Consequences of Arctic Militarization in the Baltic region

Consequences of Arctic Militarization in the Baltic region

The ongoing events in Ukraine will entirely change the strategic and political dynamics in the Baltic nations. Neighbouring Sweden and Finland’s solution to Russian aggression has been to apply for NATO membership; this single move has meant that for Russia, the Baltics can no longer be viewed as a separate, and regionally confined consideration. Moscow now includes the Baltics as part of their Arctic territorial area of responsibility (TAOR), as will NATO planners. This means that any European Arctic event will now impinge upon the decision-making process of the Baltic’s own regional governance.
Concurrently the emerging threat to the Arctic region may well be more geoeconomic in nature than military/strategic, which is in line with the postcold war Unipolar world order (Acharya, 2007) being challenged in the broader Eurasian Arctic not by the emergence of multilateral political institutions (i.e. multipolarity), but rather a geo-economic process of Multiregionalism. The rising great power ambitions of Russia and China – with substantial economic spheres of overlapping regional interests in their territories, has led to their adoption of a geo-economic strategy to steadily alter the present international system.
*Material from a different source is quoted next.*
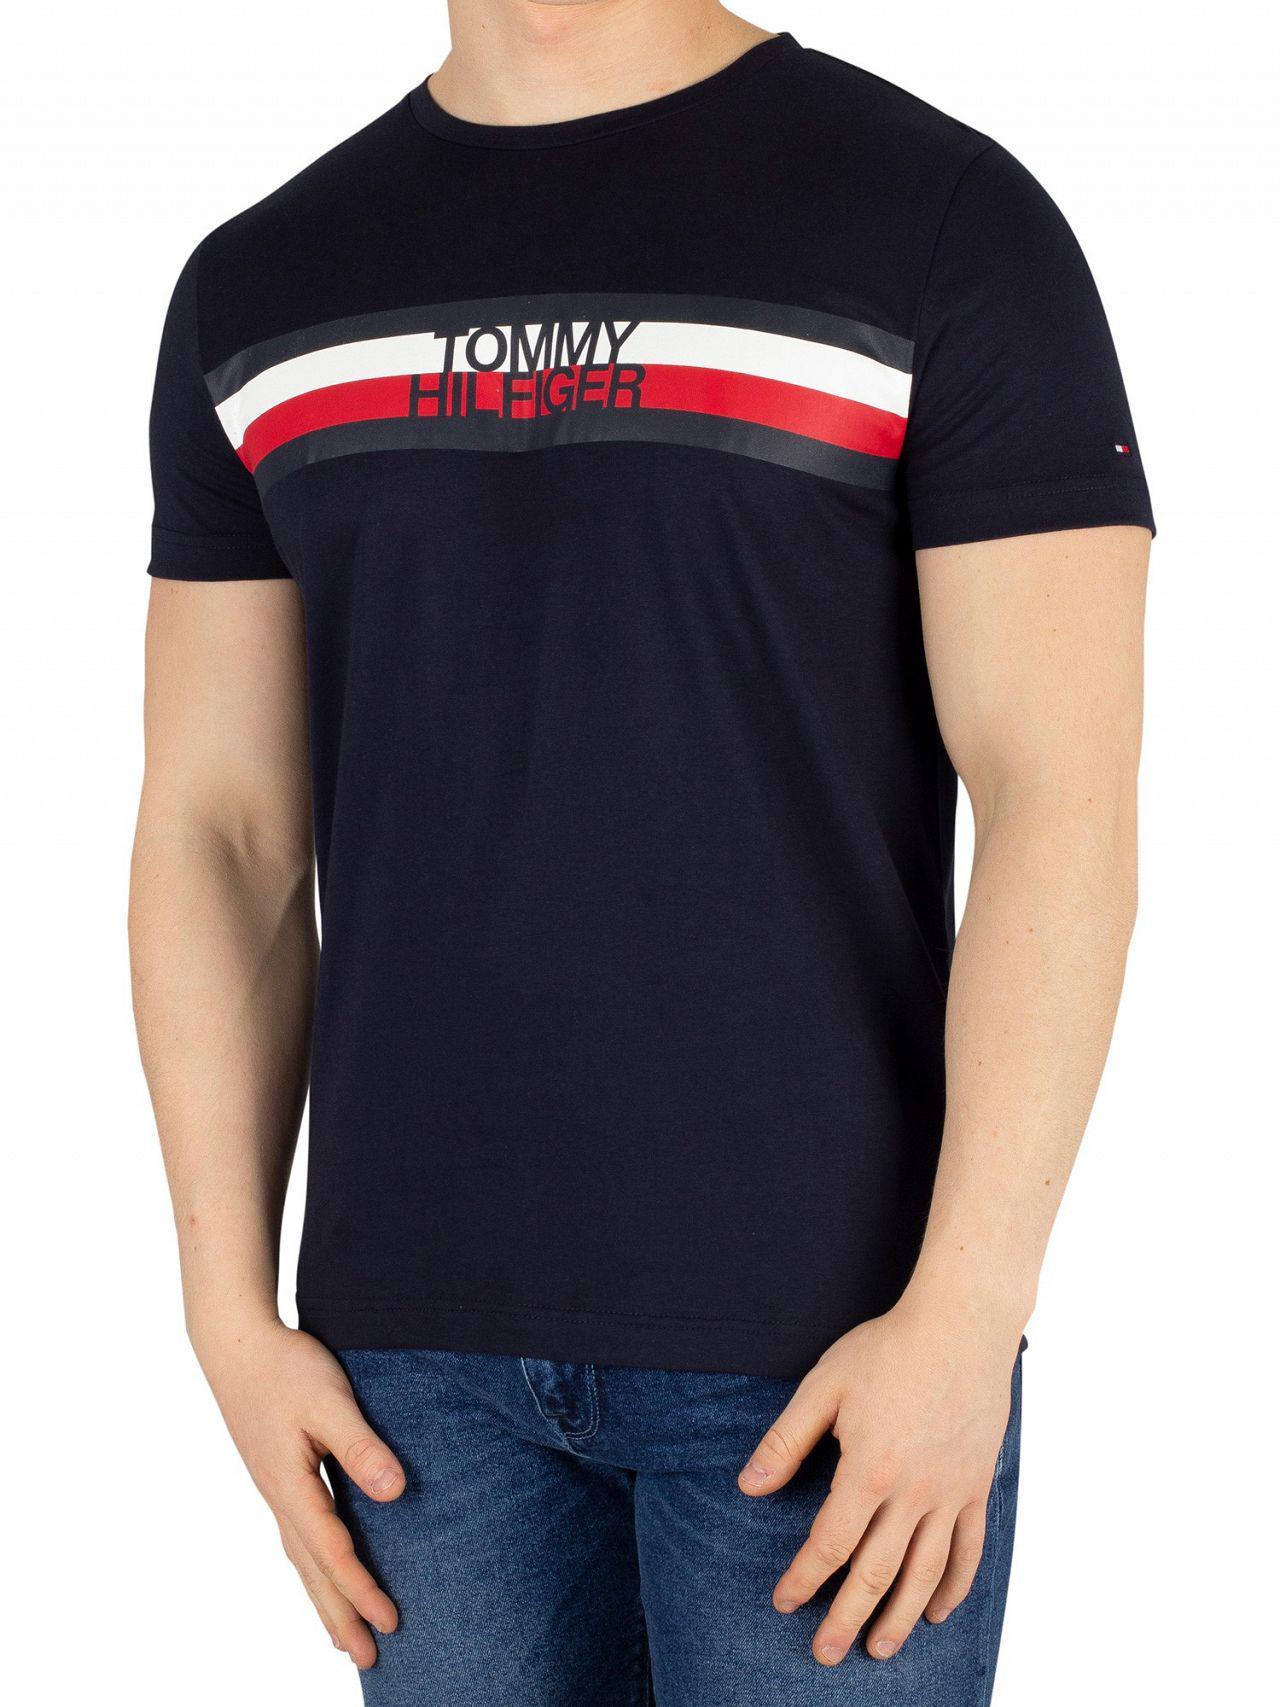 aecbd8b8 Tommy Hilfiger - Blue Sky Captain Logo T-shirt for Men - Lyst. View  fullscreen

It is taking advantage in the Arctic of significant alterations in the International Political Economy (IPE), including the steady downturn in globalization – and with that an associated loss in US-led influence. Two new geopolitically crucial regional geoeconomic “spaces” are being created in line with this (alternative) regionalization framework: a broader Eurasian Arctic space and via the geo-economic instrumentalization of dual-use technologies, the non-terrestrial cislunar domain over the Arctic.